The recent re-emergence of highly parallel systems has placed a premium on code scalability. In particular, NSF plans to deploy a Petascale sustained system in the 2010 timeframe has accelerated our need to significantly increase the number of processors on which application codes can run efficiently. In its standard configuration, one of NCAR's flagship applications—the Community Climate System Model (CCSM)—only utilizes approximately 200 processors. Clearly, the scalability of the CCSM model must be significantly increased to successfully utilize compute cycles on the upcoming 100,000 to 500,000-processor petascale systems. Currently the systems providing the largest scale parallelism are the IBM Blue Gene and Cray XT3 systems. These prototype petascale systems provide the opportunity to examine and improve the scalability of CCSM component models on large processor counts in preparation for the upcoming NSF Petascale system.

We initially examined the ability of the Blue Gene/L system to perform high-resolution ocean modeling using the Parallel Ocean Program (POP). We used the POP 0.1-degree benchmark to gauge the impact of several code modifications designed to increase simulation rate. The code modifications involve: a) redesigning data structures in the POP solver to use 1-dimensional (1D) data structures versus the existing 2-dimensional (2D) data structures, and b) adding a partitioning algorithm based on space-filling curves. Both modifications reduce POP's compute resource requirements, which allows for more efficient utilization of systems with large processor counts and limited memory bandwidth.

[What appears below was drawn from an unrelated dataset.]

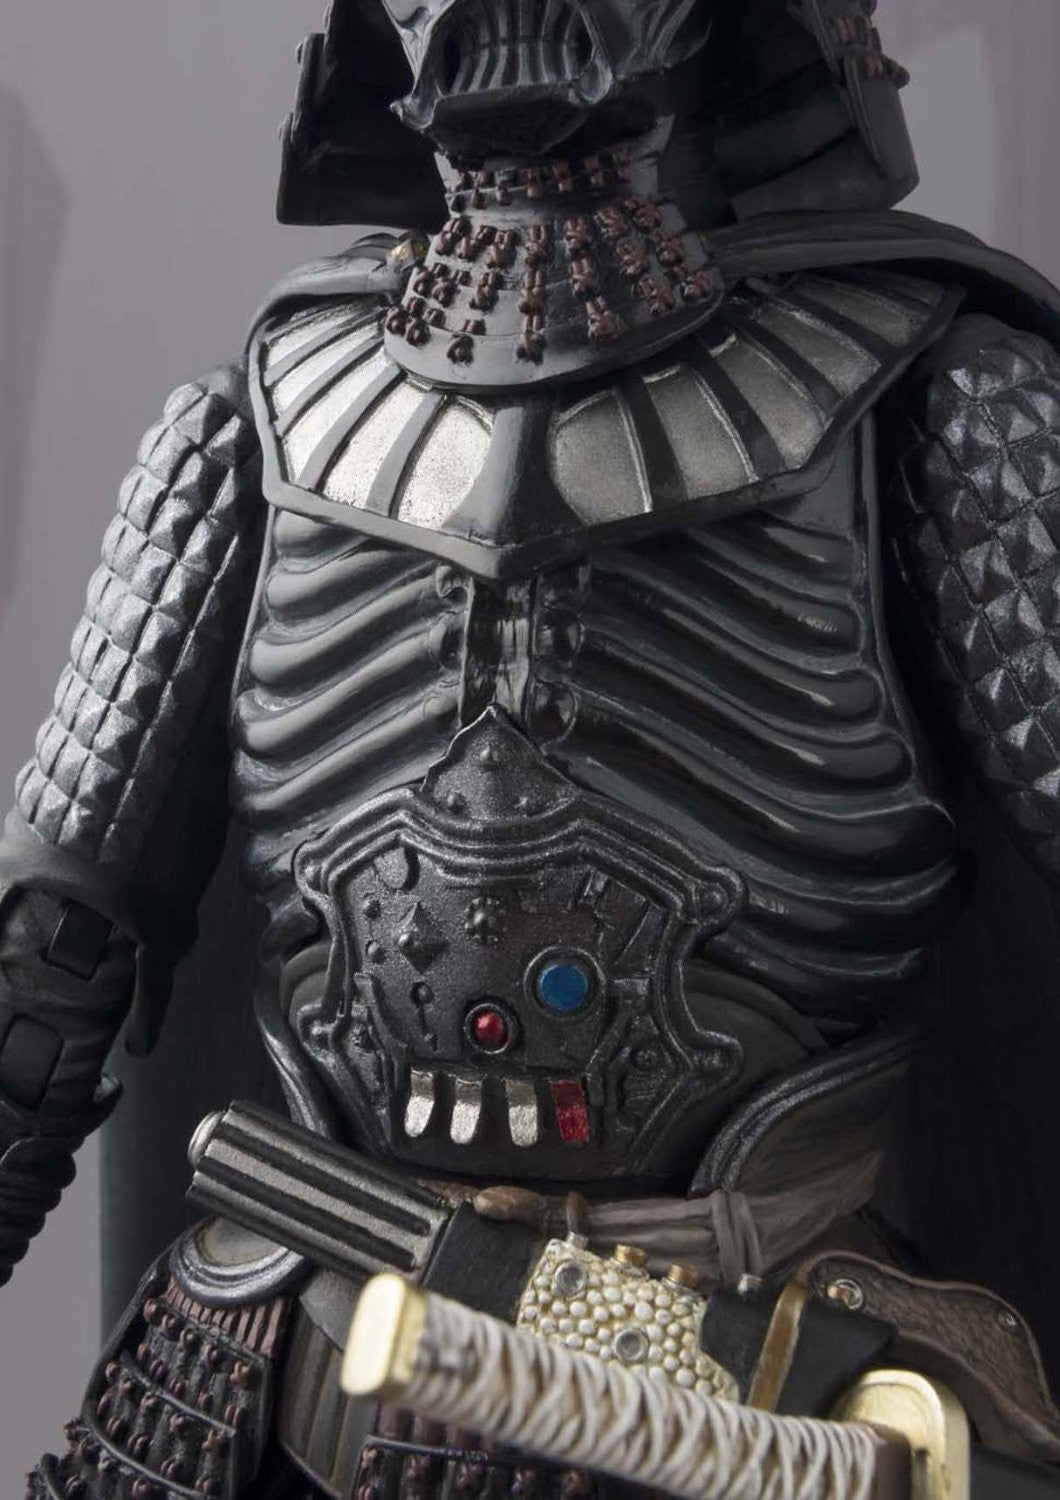 Movie Realization Star Wars Samurai General Darth Vader (Death Star Crest)
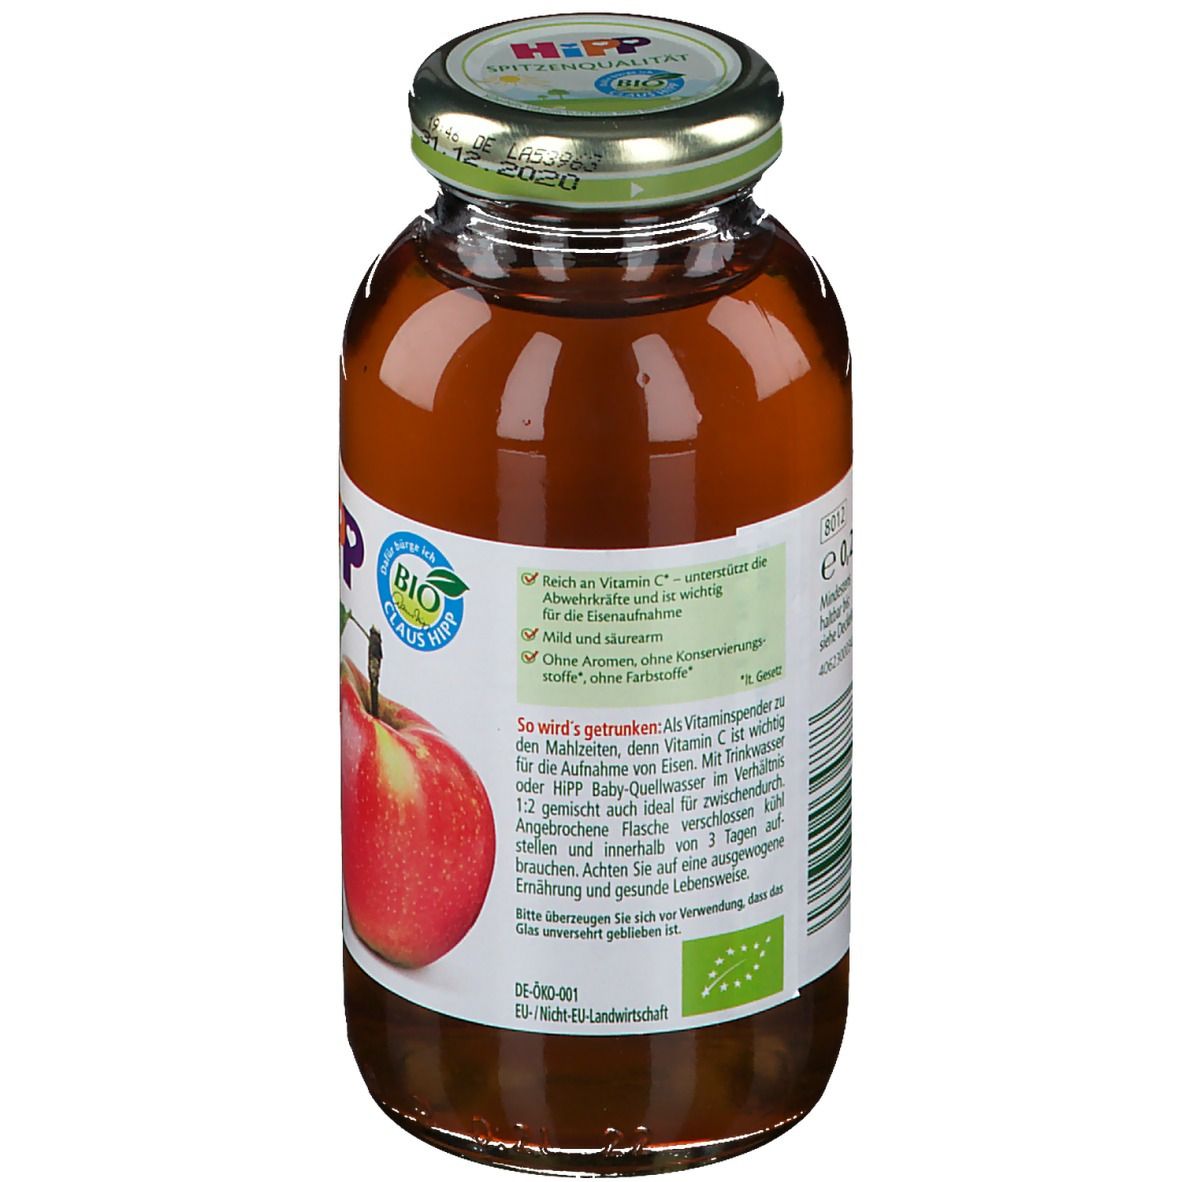 Hipp 100% Bio Saft Milder Apfel ab dem 5. Monat

The figure shows the simulation rates for the POP 0.1-degree benchmark using the original and modified configurations on the Earth Simulator, IBM Blue Gene/L, and Cray RedStorm supercomputers. Note that the combination of the 1D-data-structure-based solver and space-filling curve partitioning increases the simulation rate on 30,000 IBM Blue Gene/L processors from 4.0 to 7.9 simulated years per wall-clock day. Our techniques also improved the simulation rate on 7,600 Cray RedStorm processors from 6.3 to 8.1 simulated years per wall-clock day. Our discovery suggests that it may be possible to increase the scalability of the entire CCSM model through similar code modifications. Currently, work is underway to examine and improve the scalability of both the Community Ice (CICE) model and the Community Land Model (CLM). Our future plans include examining the scalability of the Community Atmosphere Model (CAM) and the CCSM Flux-Coupler (CPL).

This work advances NCAR's strategic priority of "Conducting research in computer science, applied mathematics, statistics, and numerical methods." It is supported through the NSF cooperative Grant NSF01, and through the Department of Energy CCPP program grant DE-FC03-97ER62402.